The Welsh Audit Office is investigating how public money was given and spent in connection to the Circuit of Wales project, less than a month after what was expected to be the final piece of private funding.

In 2014, the Welsh Government awarded the project a £2m development grant while also underwriting a £7.35m bank loan to cover the company running the project’s debts.

Monmonth MP David Davis, whose constituency sits 30 miles away from the Ebbw Vale site where the Circuit of Wales is planned to be build, has called for a suspension on any further funding for the scheme until the Welsh Audit Office compiles an inquiry into evidence received from a whistle blower on the scheme.
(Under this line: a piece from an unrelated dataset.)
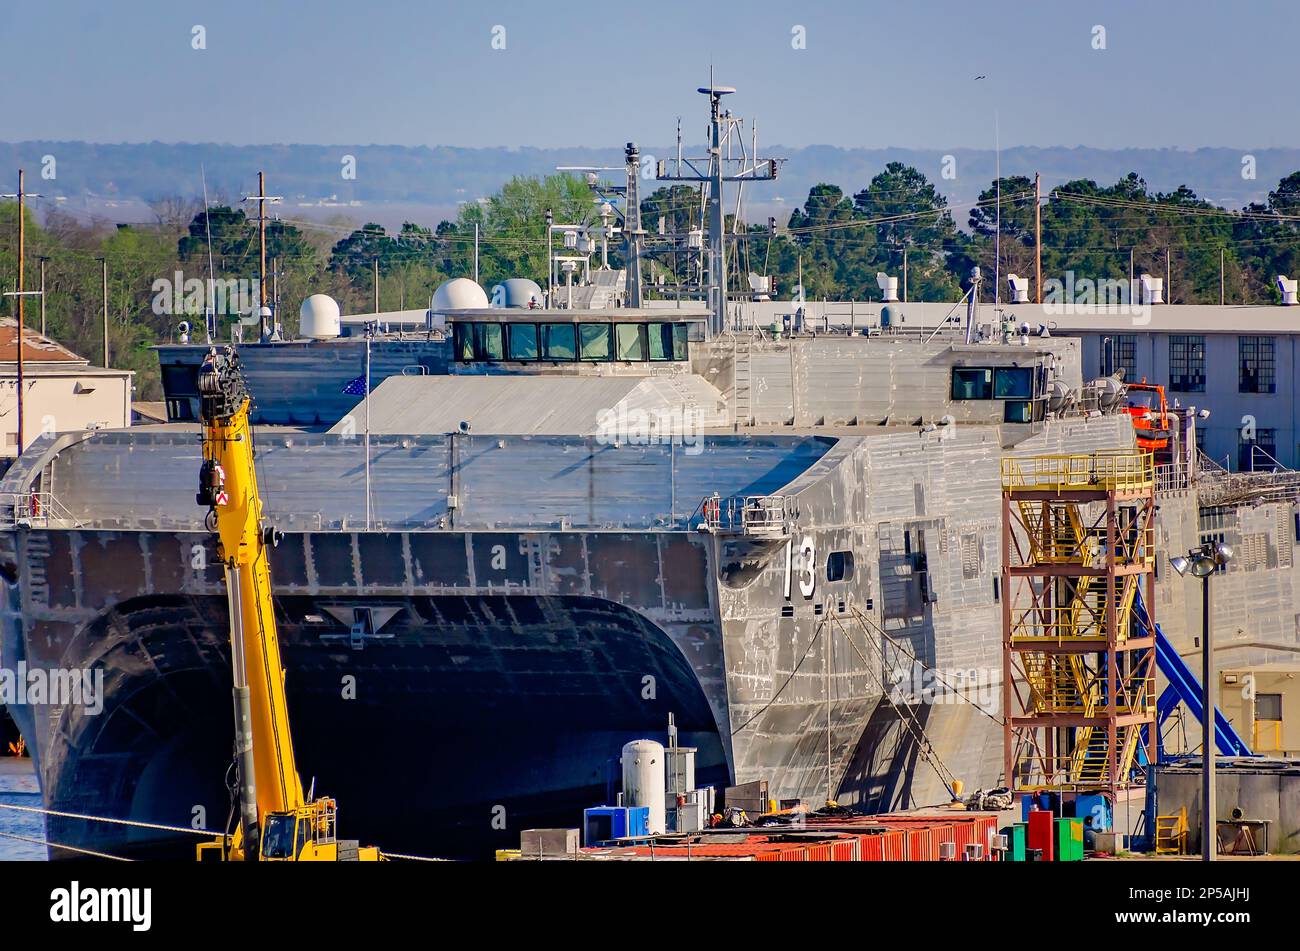 The USNS Apalachicola (EPF 13) is docked outside Austal USA’s shipbuilding facility on the Mobile River, Jan. 30, 2023, in Mobile, Alabama. Stock Photo

It has been reported by BBC Wales that the evidence questions how public money was spent by the Heads of the Valleys Development Company led by former Bahrain International Circuit CEO Michael Carrick.

“I think they should say to Michael Carrick ‘it’s down to you if you have private investors out there willing to back the scheme, bring them forward let us know who they are’,” Davis told BBC Wales.

“At least £9m has gone into this scheme of public money and I think that it’s time they started to find out what’s happened to that money and not put any more money into it.”

The Welsh Government has stated it agreed to the £2m grant and £7.35m loan on its policies and can ask for the return of the loan but has not yet opted to do so.

The Welsh Audit Office examination brings up the latest hurdle to the project, after the Welsh Government rejected Carrick’s proposal that it underwrite a £350m deal with private investment from Avivia.

After the recent local elections Carrick asked new Infrastructure and Economy minister Ken Skates MP to underwrite 75% of the project but once again this was rejected, with the latest deal projected to see the government underwrite only half of the finance.

In October, it was announced merchant bank Kleinwort Benson in London is set to stack up £100m worth of private investment for the Circuit of Wales and was described as ‘the final piece of private funding required’.

The venture secured a five-year deal with Dorna to host the British MotoGP which began last year and had originally hoped to move the event to Ebbw Vale in 2017. After interruptions in confirming financial backing MotoGP has been delayed by 12 months, with the Welsh circuit expected to take over hosting duties in 2018.

Silverstone has hosted the first two years of the British MotoGP contract the Circuit of Wales holds and will be called upon for the 2017 race.